Case ID: f-appx_494/html/0679-01.html
Source: Caselaw Access Project
Author: {"author": "PER CURIAM.", "license": "Public Domain", "url": "https://static.case.law/"}
Date Created: 2024-08-24T03:29:51.129683

Harry Meyer KATZ, Petitioner-Appellant v. UNITED STATES of America, Respondent-Appellee.
    No. 12-1485.
    United States Court of Appeals, Eighth Circuit.
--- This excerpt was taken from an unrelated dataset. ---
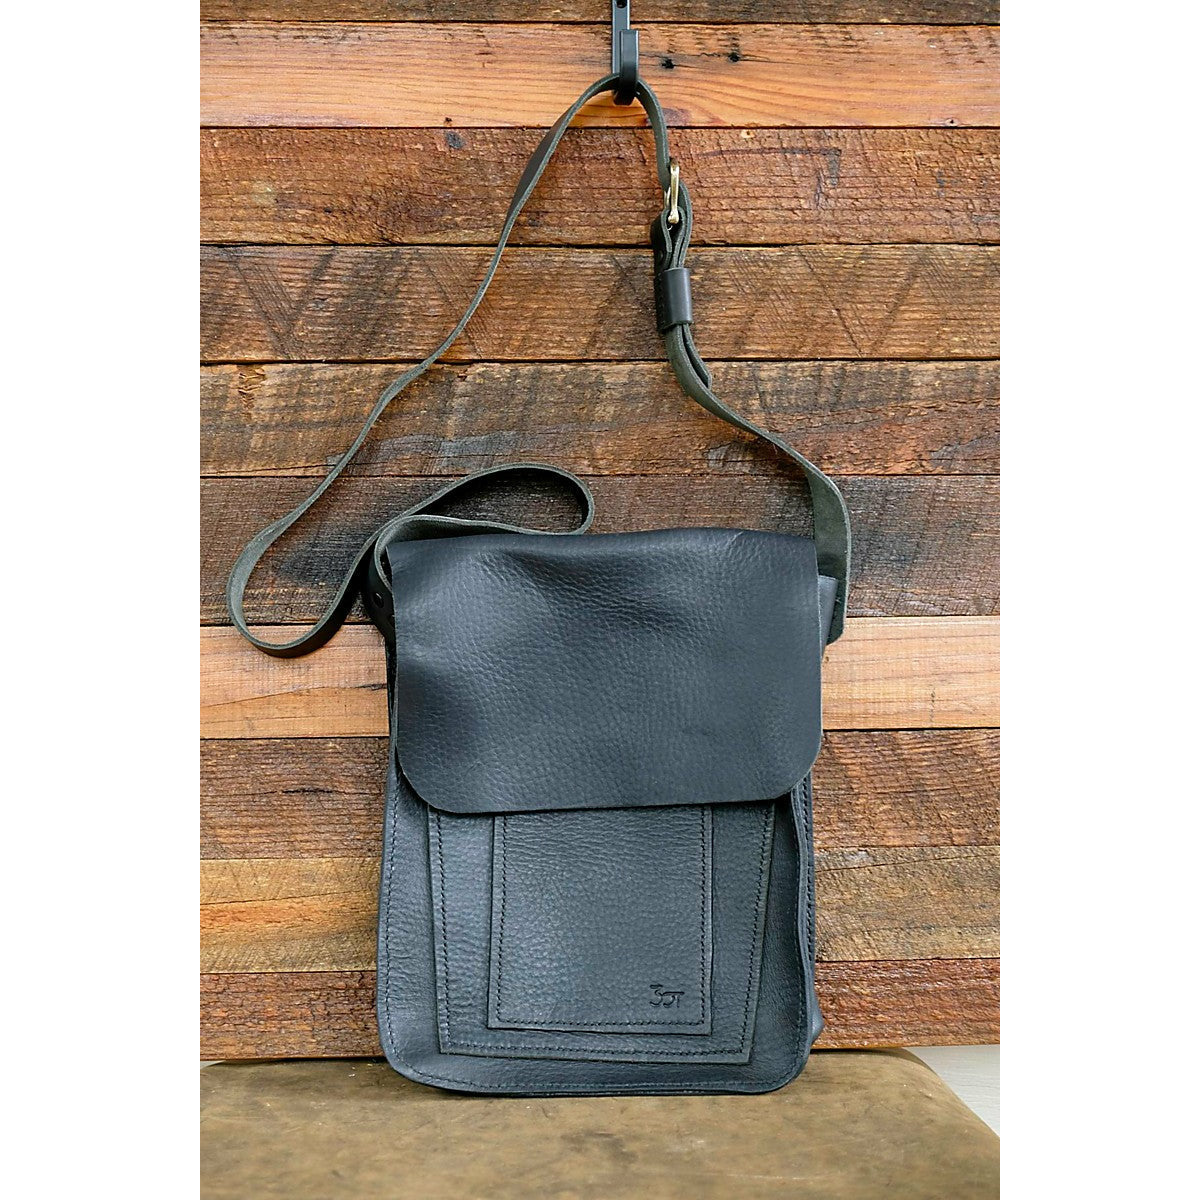 saddle bag, leather saddle bag, messanger bag, leather messanger bag

    Submitted: Oct. 31, 2012.
    Filed: Nov. 30, 2012.
    Before WOLLMAN, MELLOY, and SHEPHERD, Circuit Judges.
   PER CURIAM.

Former federal inmate Harry Katz appeals the district court’s denial of his petition for a writ of error coram nobis. We agree with the court that Katz may not raise in a coram nobis petition the same claims that he previously litigated in his 28 U.S.C. § 2255 motion. See Sawyer v. Whitley, 505 U.S. 333, 338, 112 S.Ct. 2514, 120 L.Ed.2d 269 (1992) (successive habeas petition raising identical grounds as prior petition must generally be dismissed); United States v. Camacho-Bordes, 94 F.3d 1168, 1173 (8th Cir.1996) (coram nobis relief is substantially equivalent to habeas relief, and principles barring successive petitions apply); Azzone v. United States, 341 F.2d 417, 418-19 (8th Cir.1965) (per curiam) (eoram nobis petitioner is not entitled to review of issues that were considered and resolved either on direct appeal or in § 2255 motion): We also find that the district court did not err in denying the petition without a hearing or discovery. Accordingly, we affirm. See 8th Cir. R. 47B. 
      
      . The Honorable Catherine D. Perry, Chief Judge, United States District Court for the Eastern District of Missouri.